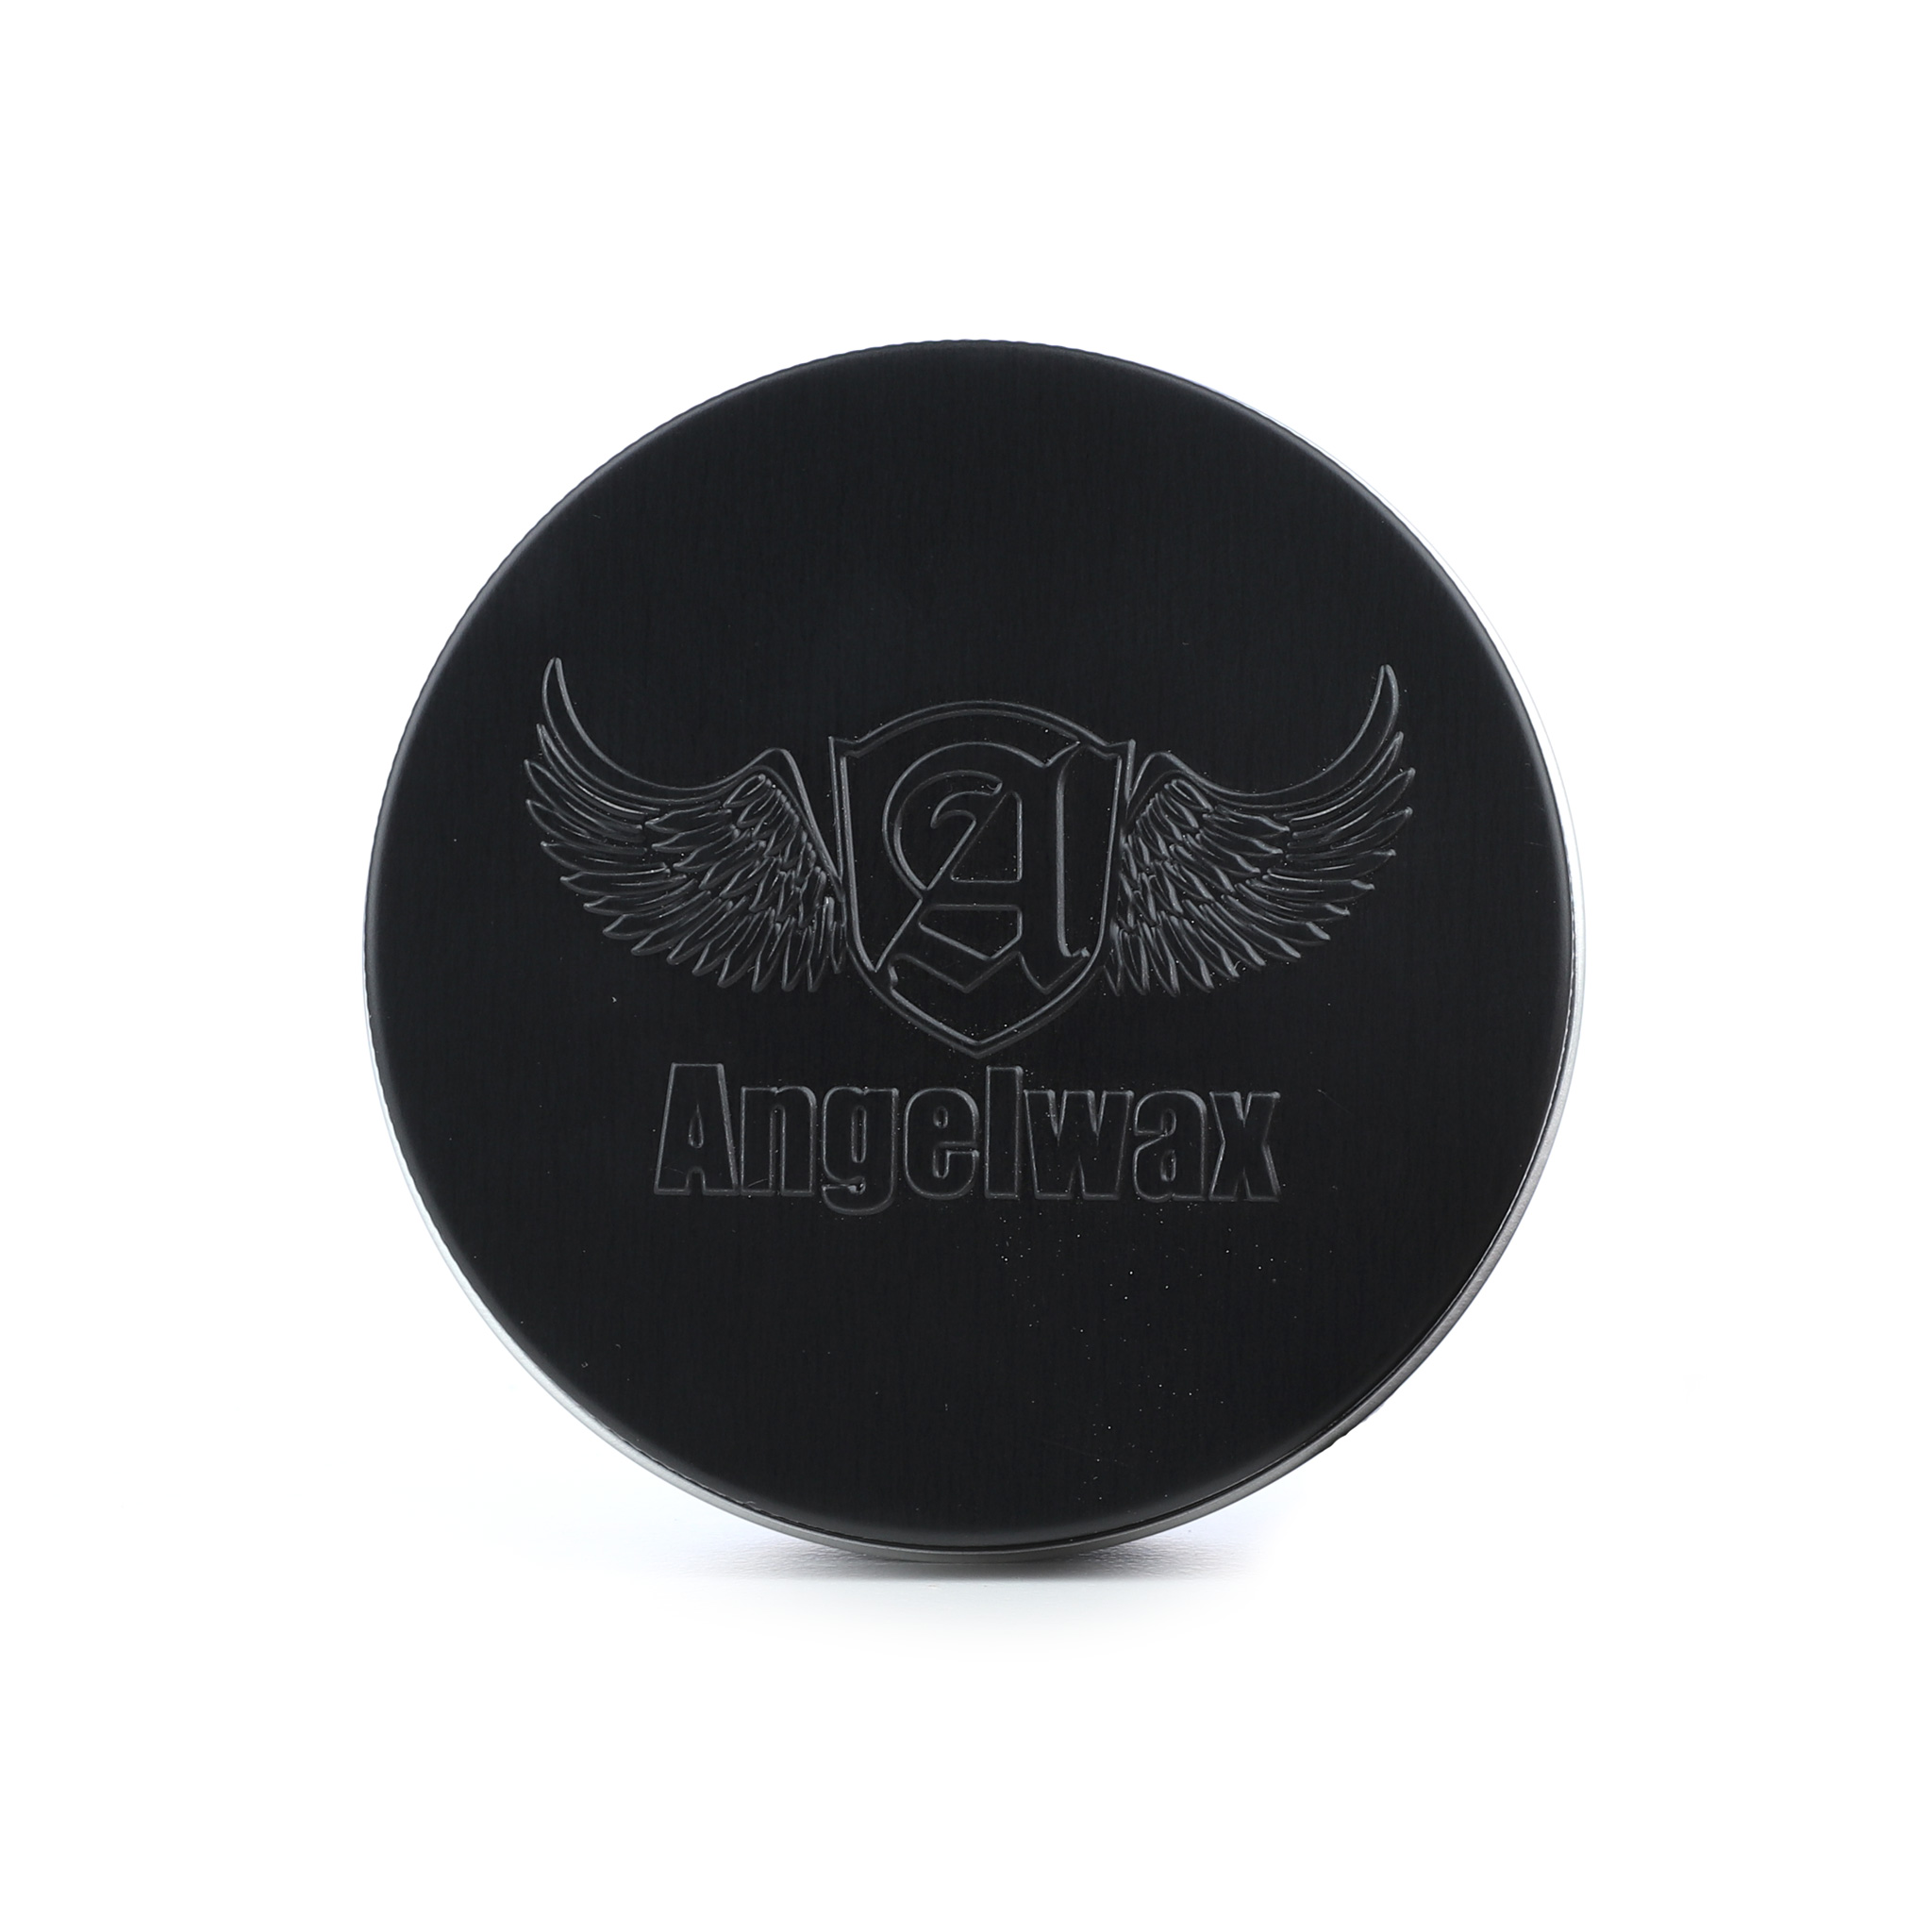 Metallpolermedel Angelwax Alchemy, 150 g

□ □ □ □

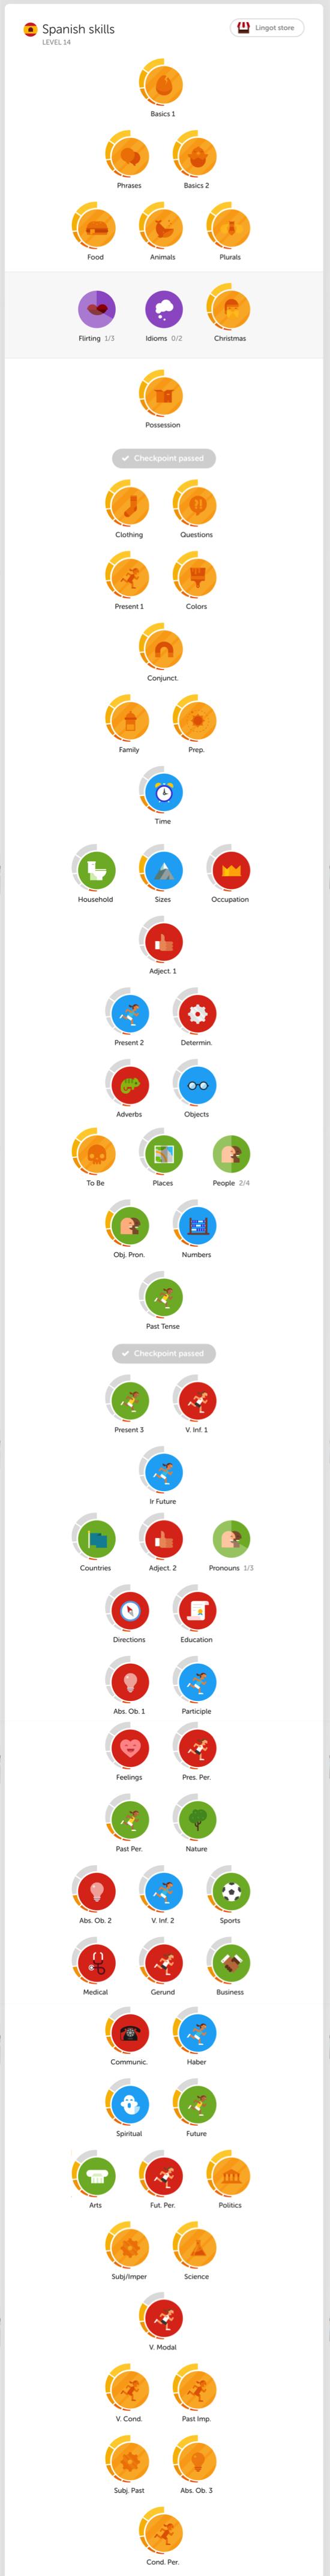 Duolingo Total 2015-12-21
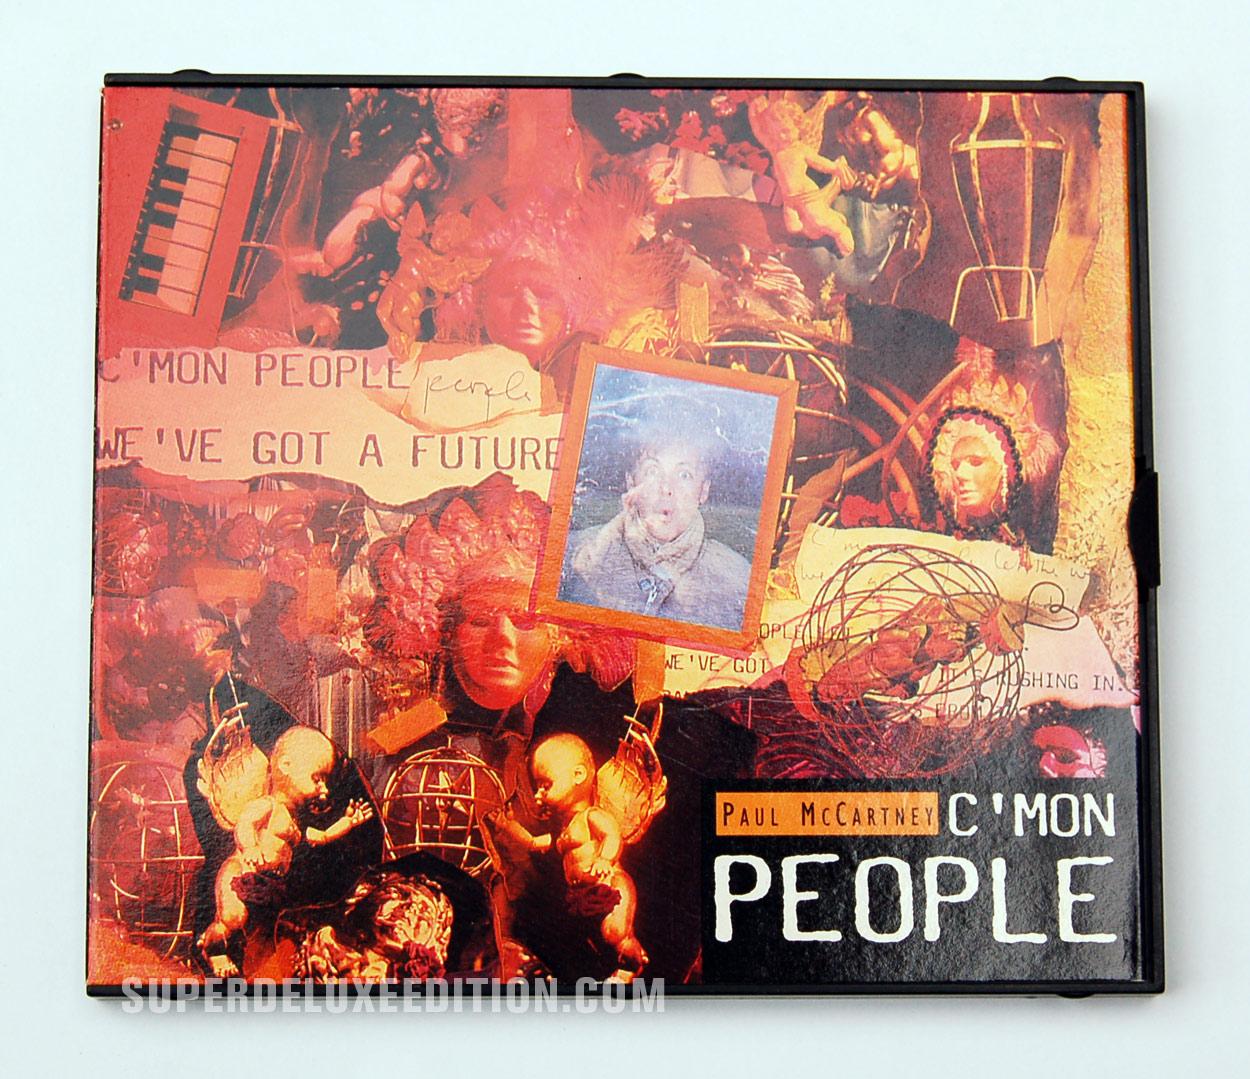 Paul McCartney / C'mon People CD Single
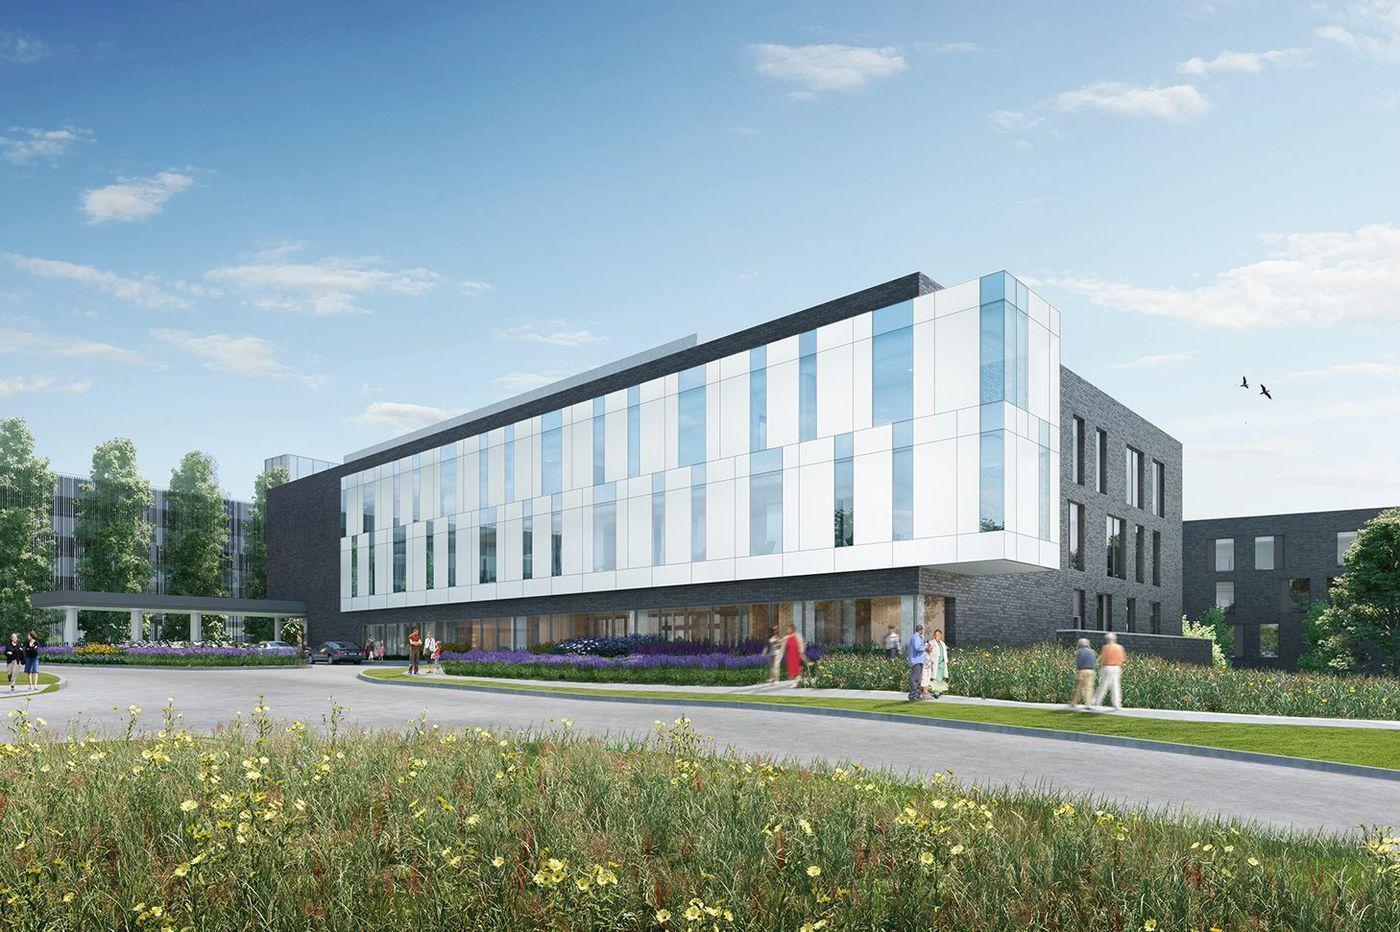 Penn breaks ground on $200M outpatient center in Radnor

□ □ □ □

From the records above, copy only the lines running from the line holding "Duolingo Total 2015-12-21" through the line holding "Penn breaks ground", with no pictures.

 Duolingo Total 2015-12-21
 Paul McCartney / C'mon People CD Single
 Penn breaks ground on $200M outpatient center in Radnor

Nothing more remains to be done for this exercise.